Menyimak Perang dan Kemanusiaan dalam 'Laki-Laki dan Mesiu'
"Cerpen-cerpen ini bukan sekadar kisah tentang letusan mesiu, melainkan nyanyian sunyi tentang harga sebuah kemanusiaan."
Oleh Karnita
Pendahuluan
Debu menari di tengah medan yang lengang. Matahari memanggang tanah, sementara tubuh-tubuh terluka diseret ke balik semak. Dalam cerpen "Tinggul", suasana mencekam itu dibuka dengan sebuah keputusan sepihak: nyawa manusia ditentukan hanya dengan tanda silang merah. Trisnoyuwono tak sedang menciptakan dunia fiksi, melainkan menghidupkan kembali lorong-lorong ingatan sejarah yang ia lewati sendiri. Kumpulan cerpen Laki-Laki dan Mesiu bukan sekadar dokumen sastra, melainkan catatan hidup dari seseorang yang berada di tengah revolusi.
Buku ini pertama kali terbit pada 1957 dan meraih hadiah sastra nasional dari BMKN tahun 1957–1958. Dalam suasana peringatan HUT Kemerdekaan RI, kehadiran kembali antologi ini menjadi sangat relevan. Kemerdekaan bukan hanya milik angka dan seremoni, tetapi juga milik ingatan dan luka yang membentuknya. Karena itu, karya ini patut dibaca ulang sebagai bagian dari kontemplasi bangsa terhadap nilai-nilai perjuangan dan kemanusiaan.

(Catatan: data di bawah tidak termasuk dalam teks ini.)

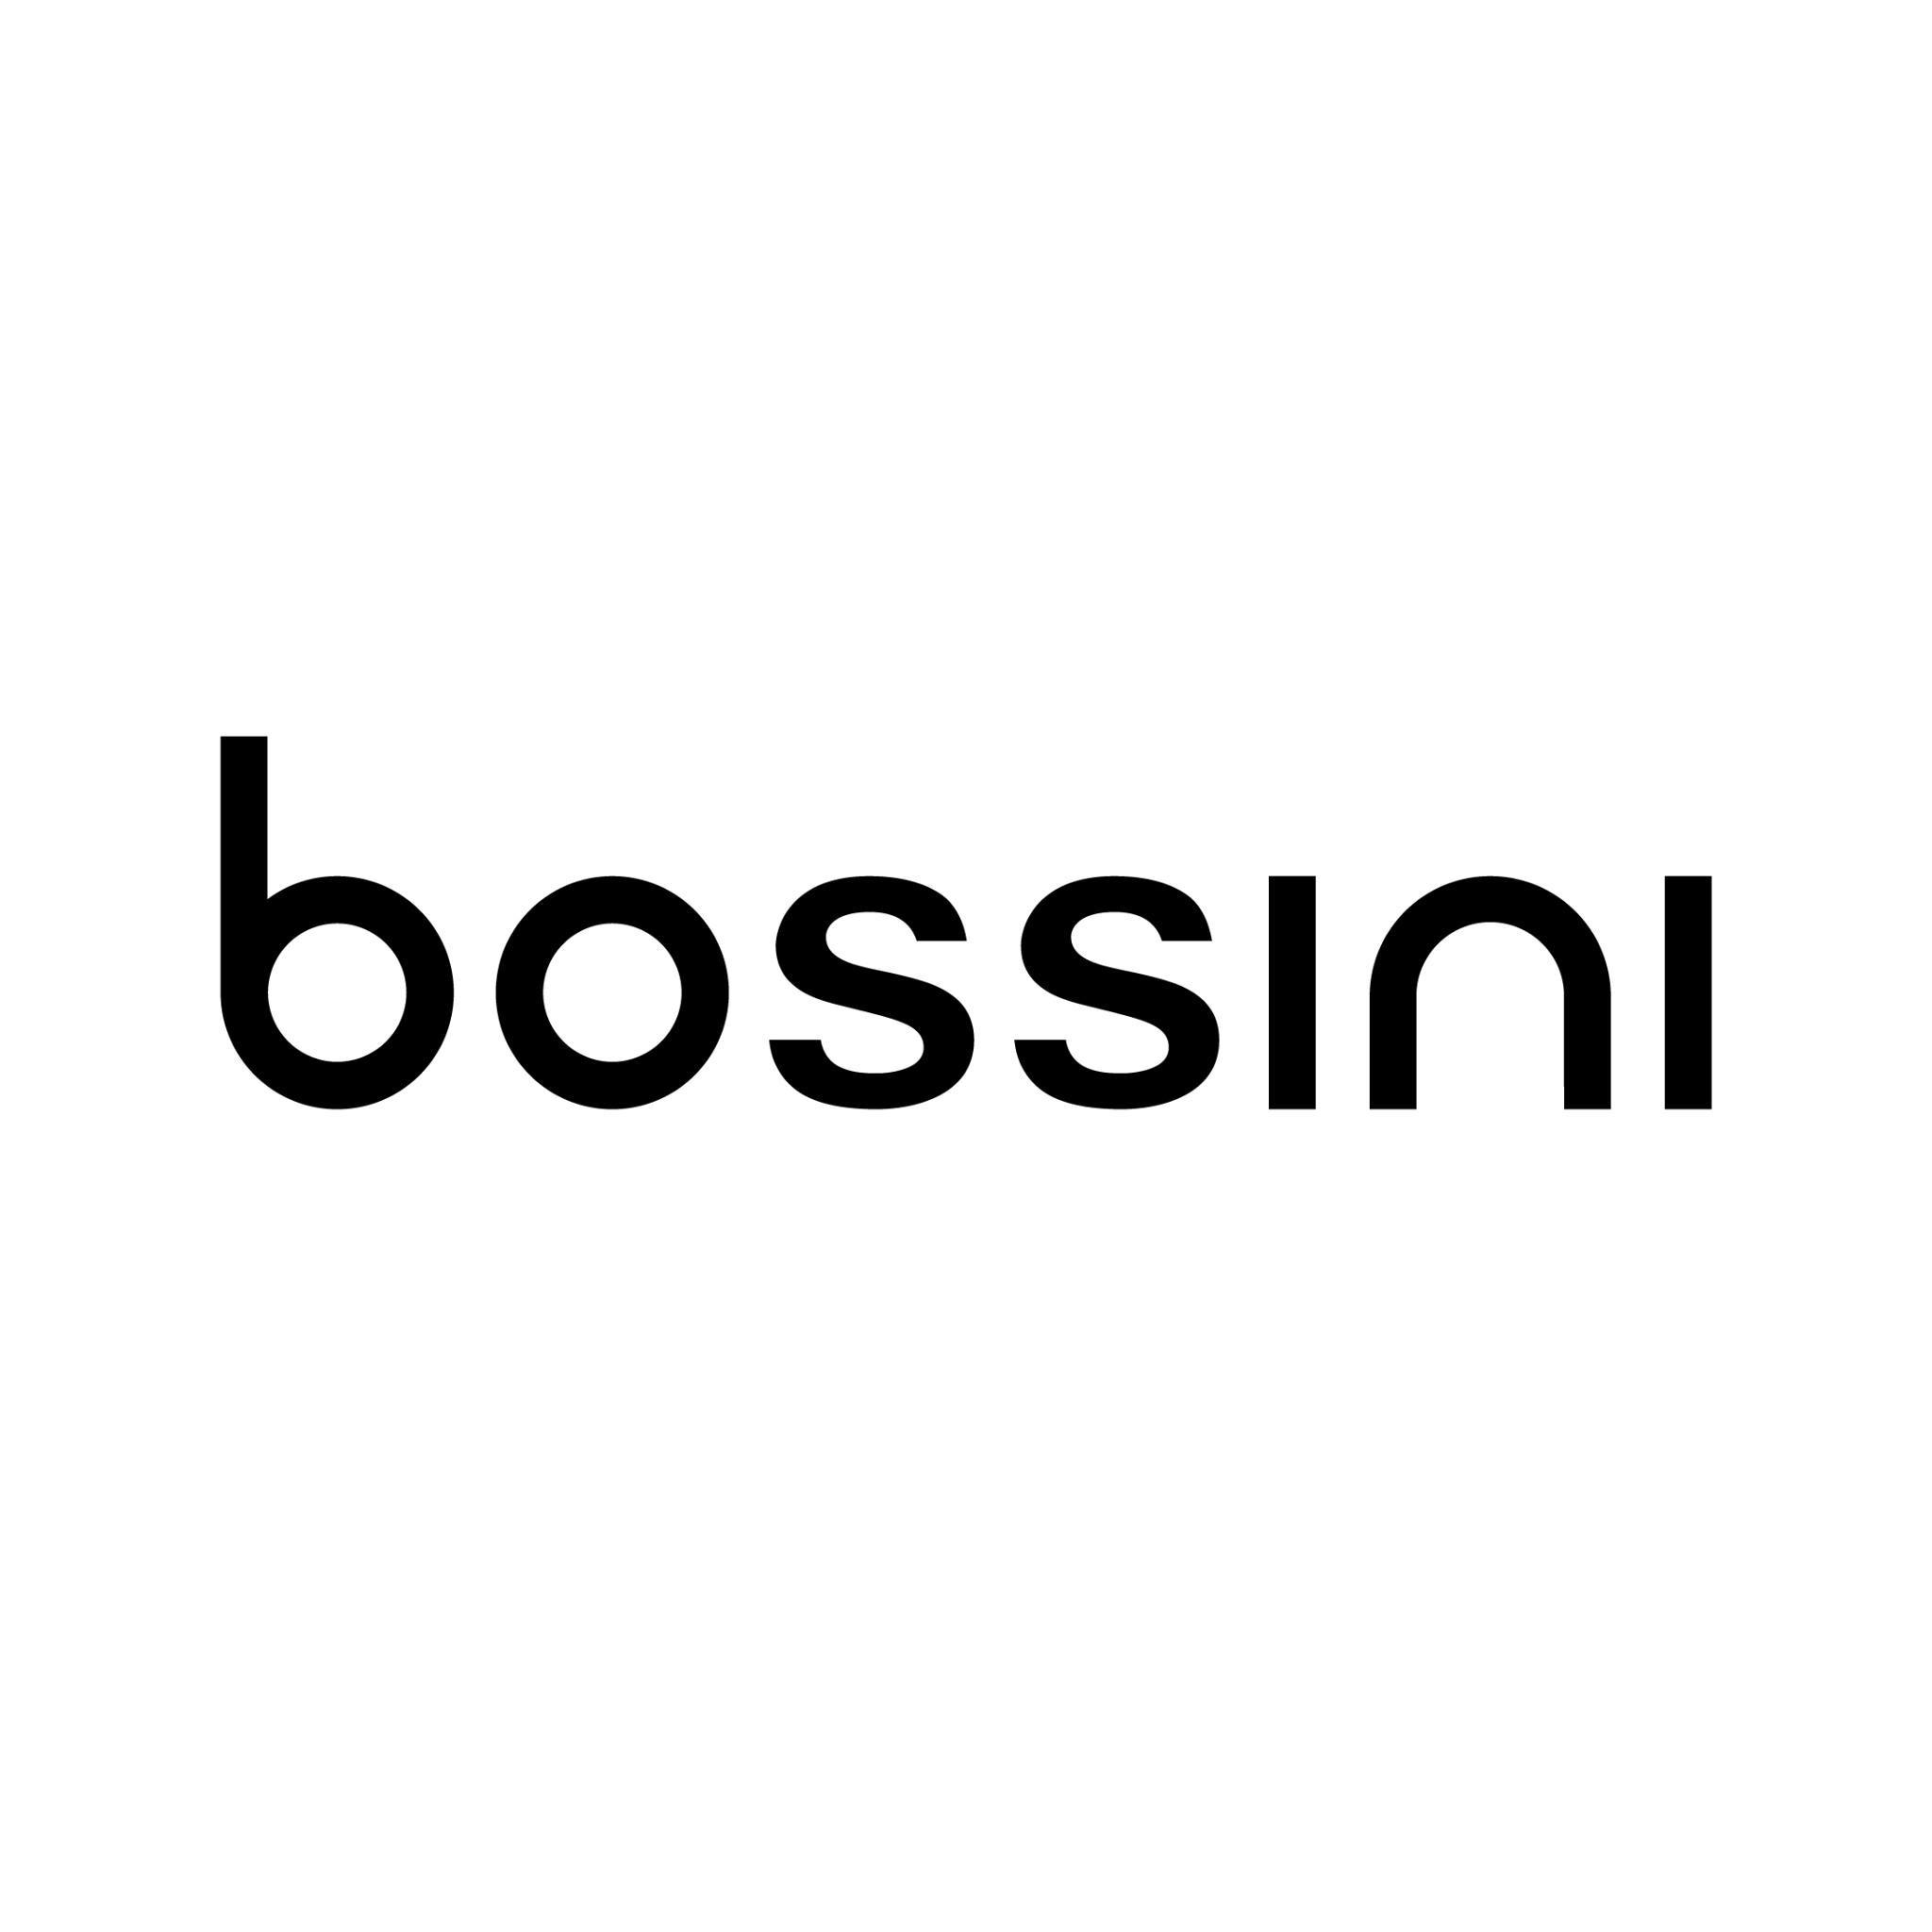 Bossini

Ketertarikan penulis terhadap Laki-Laki dan Mesiu lahir dari konteks sejarah dan pengalaman pribadi Trisnoyuwono yang menjelma menjadi narasi fiksi penuh refleksi. Ia menolak menjadikan perang sebagai panggung heroisme tunggal. Sebaliknya, ia menghadirkan manusia—dengan ketakutan, keraguan, kesalahan, dan cinta—dalam berbagai peristiwa revolusi. Di tengah maraknya glorifikasi sejarah yang steril, karya ini menampilkan sisi rapuh dari perjuangan. Inilah yang menjadikannya penting dan mendesak dibaca hari ini.
Sinopsis
Antologi Laki-Laki dan Mesiu memuat sepuluh cerita pendek dengan latar suasana revolusi fisik dan psikologis bangsa Indonesia pascakemerdekaan. Cerita-cerita ini bukan semata kisah kepahlawanan, melainkan jendela reflektif tentang manusia dan kekuasaan dalam kondisi ekstrem. Tokoh-tokoh dalam cerita bukanlah pahlawan sempurna, tetapi manusia biasa yang terlempar ke dalam kekerasan sejarah.
Cerpen pembuka "Tinggul" mengisahkan keputusan sewenang-wenang seorang Kapten terhadap seorang tahanan bernama Tinggul. Dalam suasana komando yang otoriter dan tak transparan, nasib manusia dapat diputuskan oleh satu suara. Trisnoyuwono menggambarkan dilema batin para saksi—antara loyalitas terhadap atasan dan kemanusiaan terhadap sesama.